Imagine $N$ points $p_1,\cdots,p_N$ in the plane. Assume also that $$\|p_i-p_j\|\geq r\quad \forall j\neq i$$ for some $r>0$. Consider now a rotation of the axis i.e. $$\bar{p_i}=R\:p_i$$ for some rotation matrix $$R:=\left[\matrix{\cos(\theta) & -\sin(\theta) \\ \sin(\theta) & \cos(\theta)}\right]$$ I wonder if we can find an angle $\theta$ such that the minimum distance between the resulting $\bar{x}$ (or $\bar{y}$) coordinates be maximum. Specifically I am interested in $$\max_{\theta}\min_{\substack{i, j\\i\neq j}}|\bar{x}_i-\bar{x}_j|$$ with $\bar{x}_i$, $\bar{y}_i$ the coordinates of the $i$-th point in the new system i.e. $\bar{p}_i:=(\bar{x}_i,\bar{y}_i)$.
Edit: I am not necessarily looking for a sharp optimal value.

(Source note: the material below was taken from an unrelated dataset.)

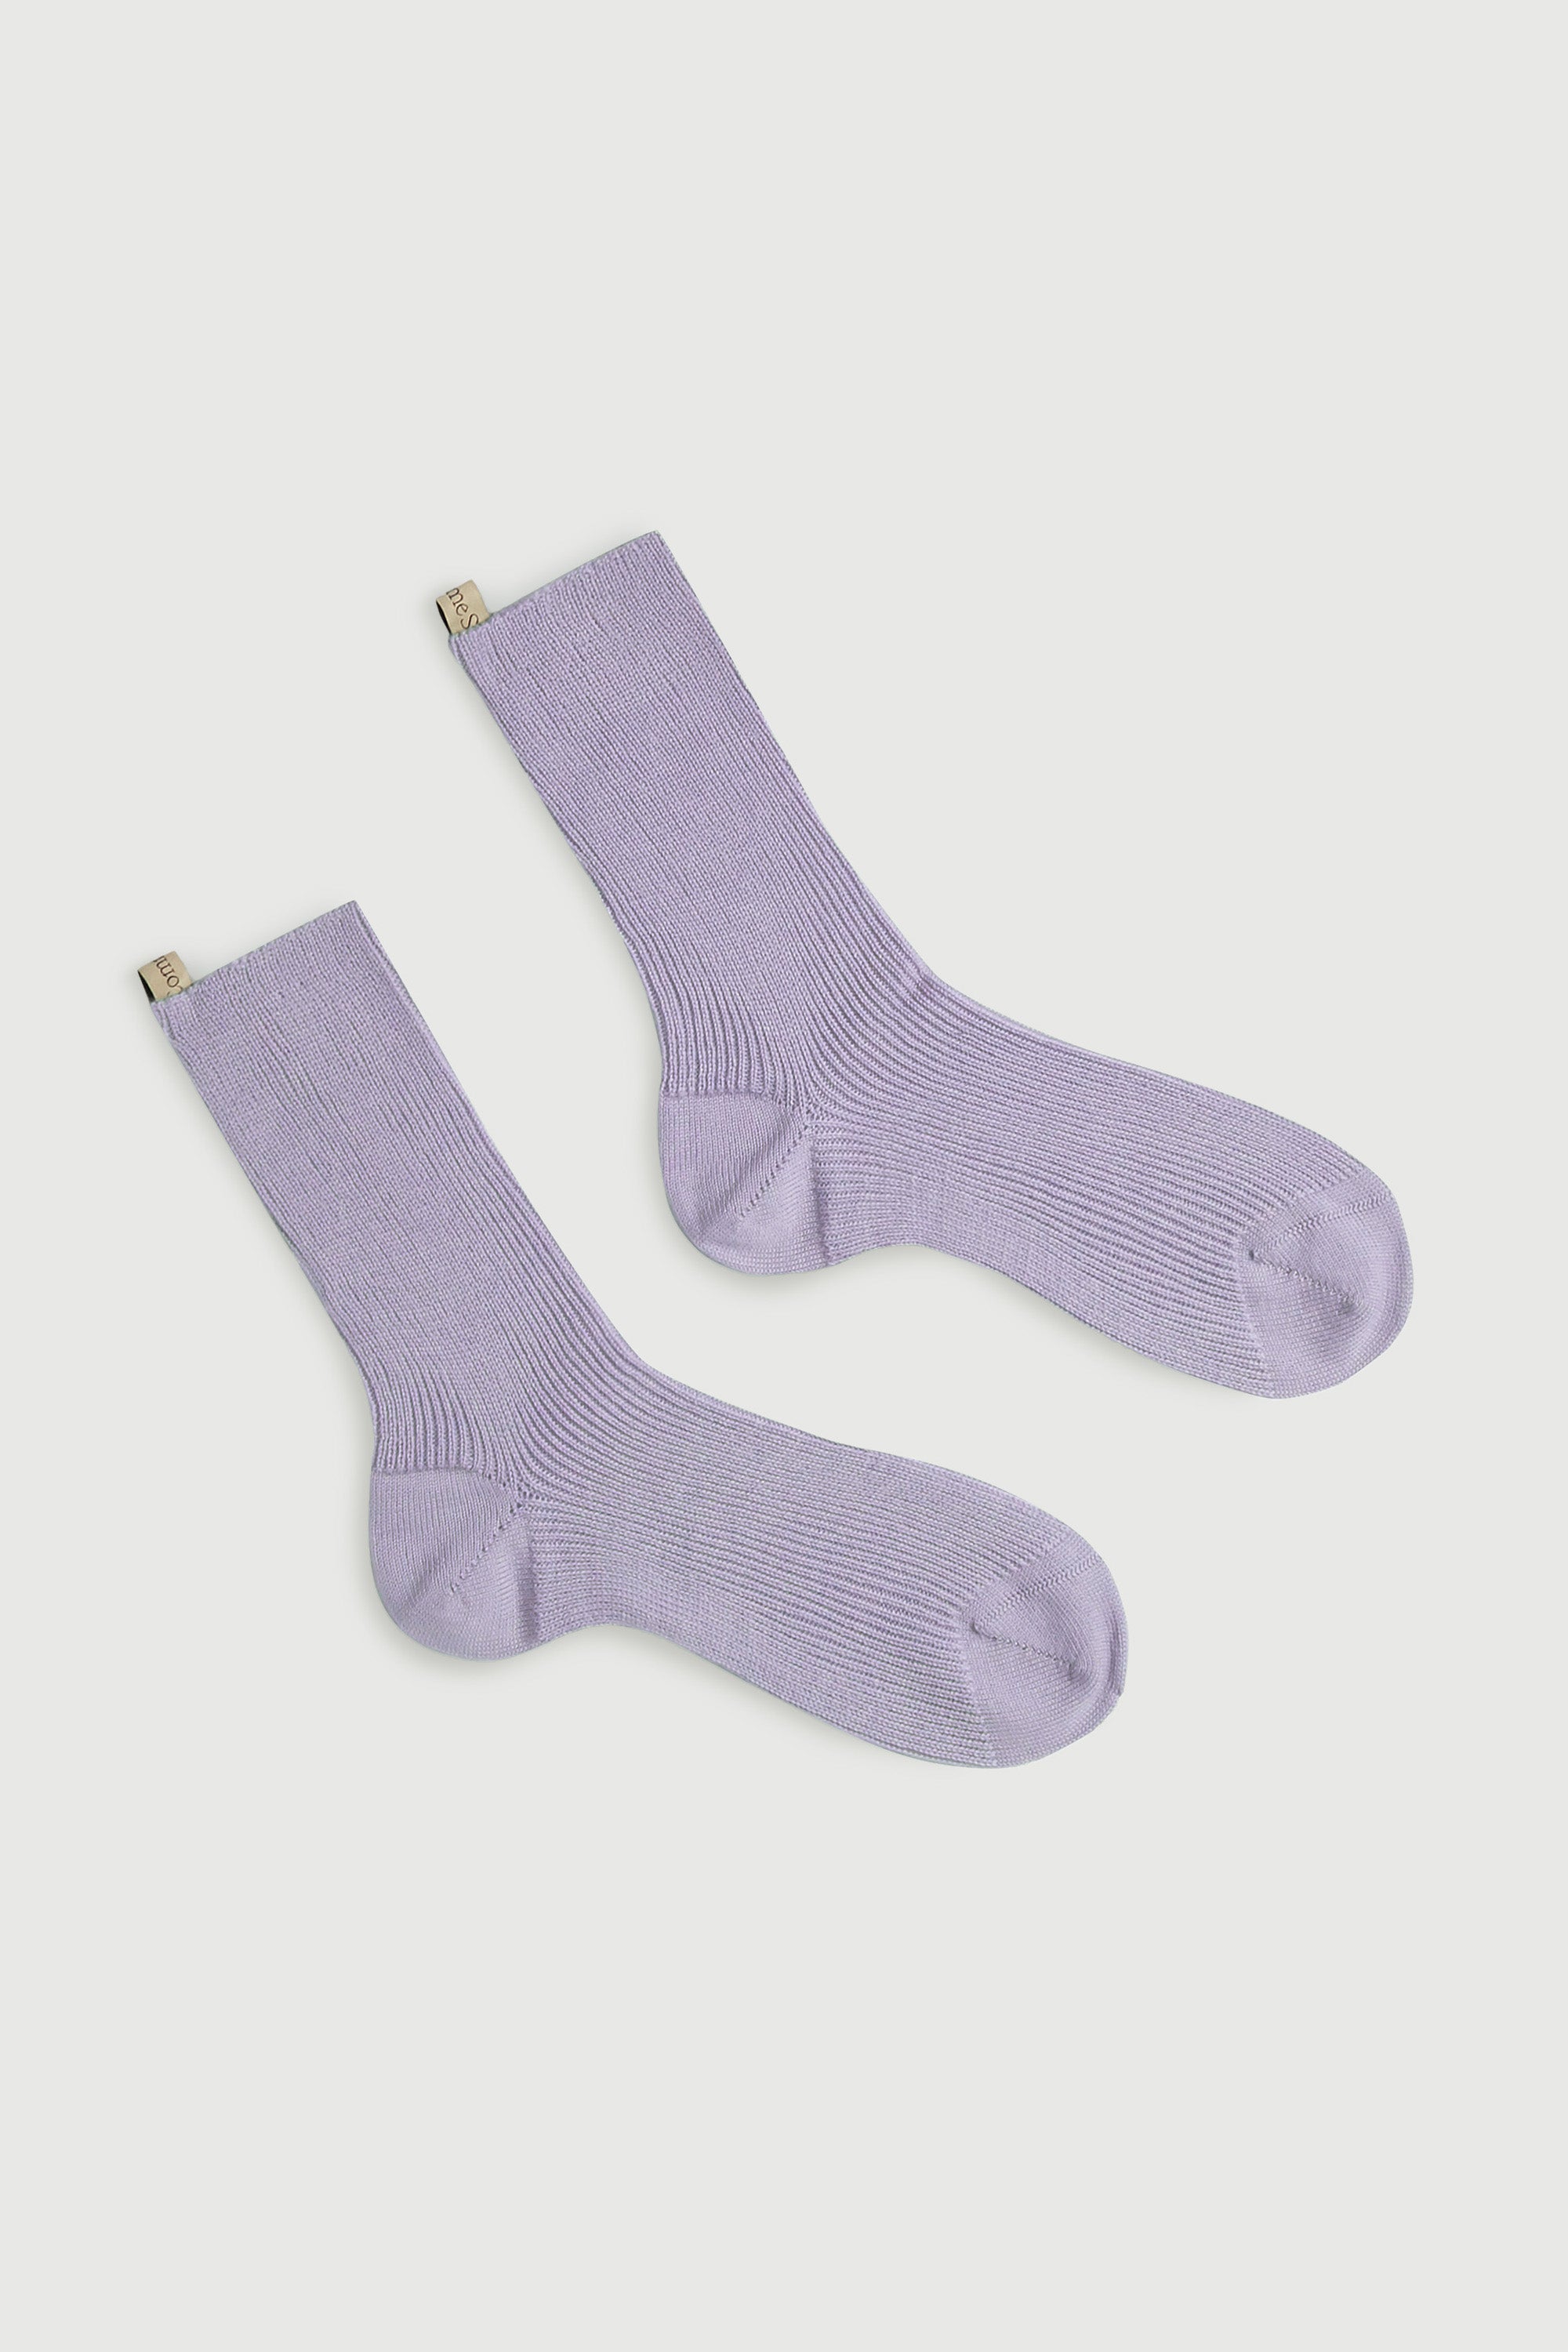 The Merino Sock in Lilac

If we can prove that there exists some $\theta$ such that $$\min_{\substack{i, j\\i\neq j}}|\bar{x}_i-\bar{x}_j|\geq \delta(N,r) r$$ for some $\delta(N,r)\in(0,1)$ this would be a nice step.

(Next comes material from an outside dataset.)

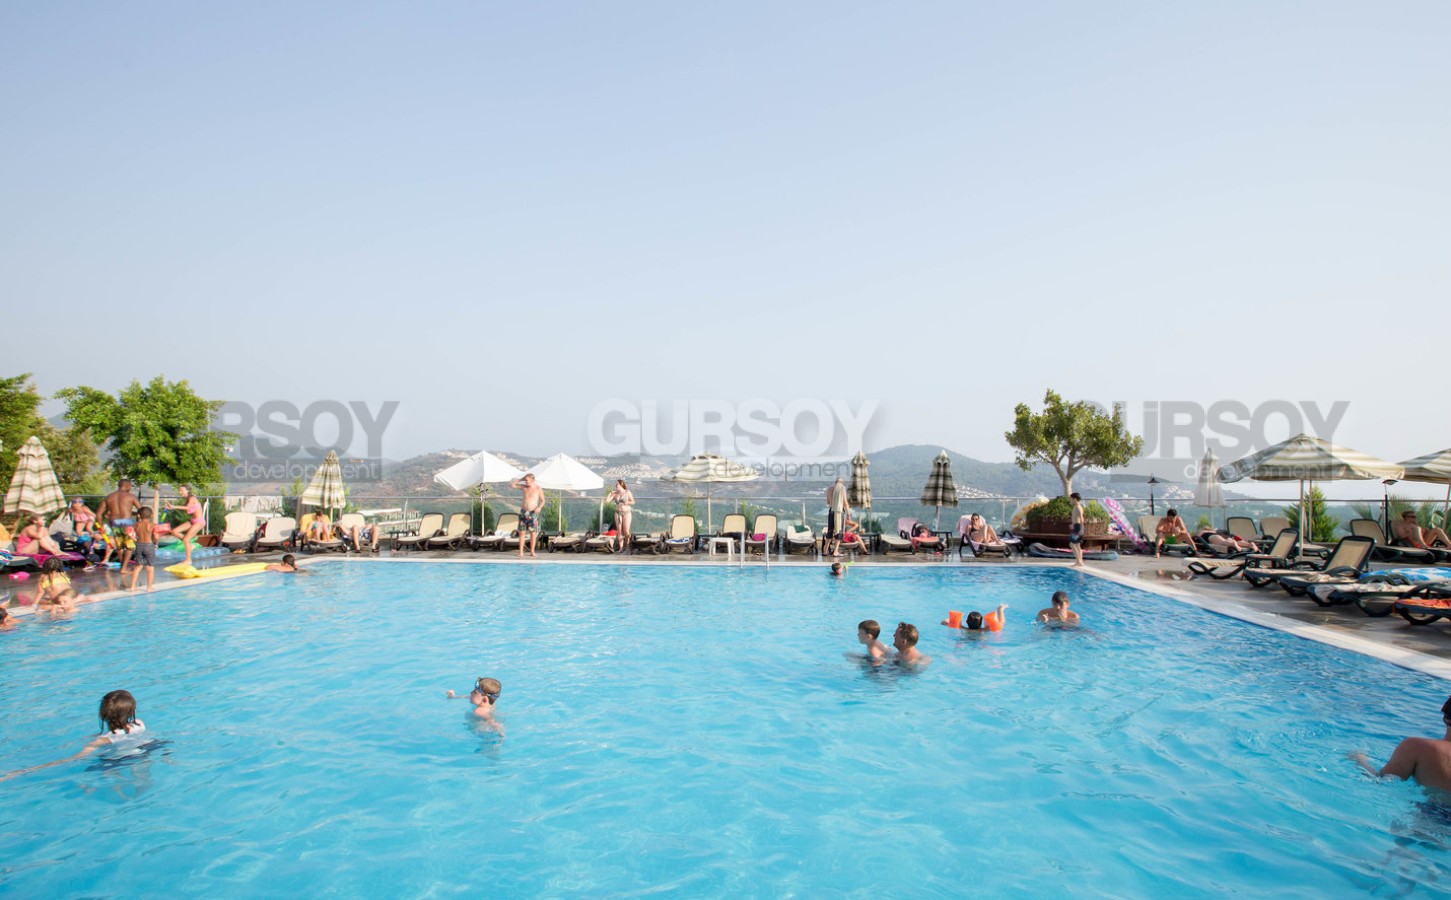 Квартира 2+1 с панорамным видом на море, 90 м2 в Каргыджаке. в Турции - фото 1

First let us consider one pair of points. We can rotate the coordinates so the $x$ axis is perpendicular to the line between them. The two points will then be $(x,a)$ and $(x,b)$ and the minimum coordinate distance is zero. As we rotate the coordinates they are at $(x\cos \theta - b \sin \theta, x \sin \theta+b \cos \theta)$ and $(x\cos \theta - a \sin \theta, x \sin \theta+a \cos \theta)$ with minimum distance $\min((a-b) \sin \theta, (a-b) \cos \theta)$ We will care about small angles, so the minimum distance will be $(a-b)\sin \theta$. You have said that $a-b \ge r$
You have $\frac 12N(N-1)$ pairs of points. Each pair will define four directions for the $+x$ axis where the minimum distance is zero. Intuitively, you want to rotate the coordinates so your axes are as far from these directions as possible. You can imagine plotting the $2N(N-1)$ directions for the $+x$ axis around the circle. There must be a gap of at least $\frac {\pi}{N(N-1)}$ radians between two neighboring points. The centerline of that gap will have a minimum difference of $r \sin \left(\frac {\pi}{2N(N-1)}\right)$. You can do somewhat better if the distance between the points on one side is greater than $r$ by moving $\theta$ in that direction or by choosing a smaller gap where the point spacings for the lines on each side is larger, but this is a lower bound.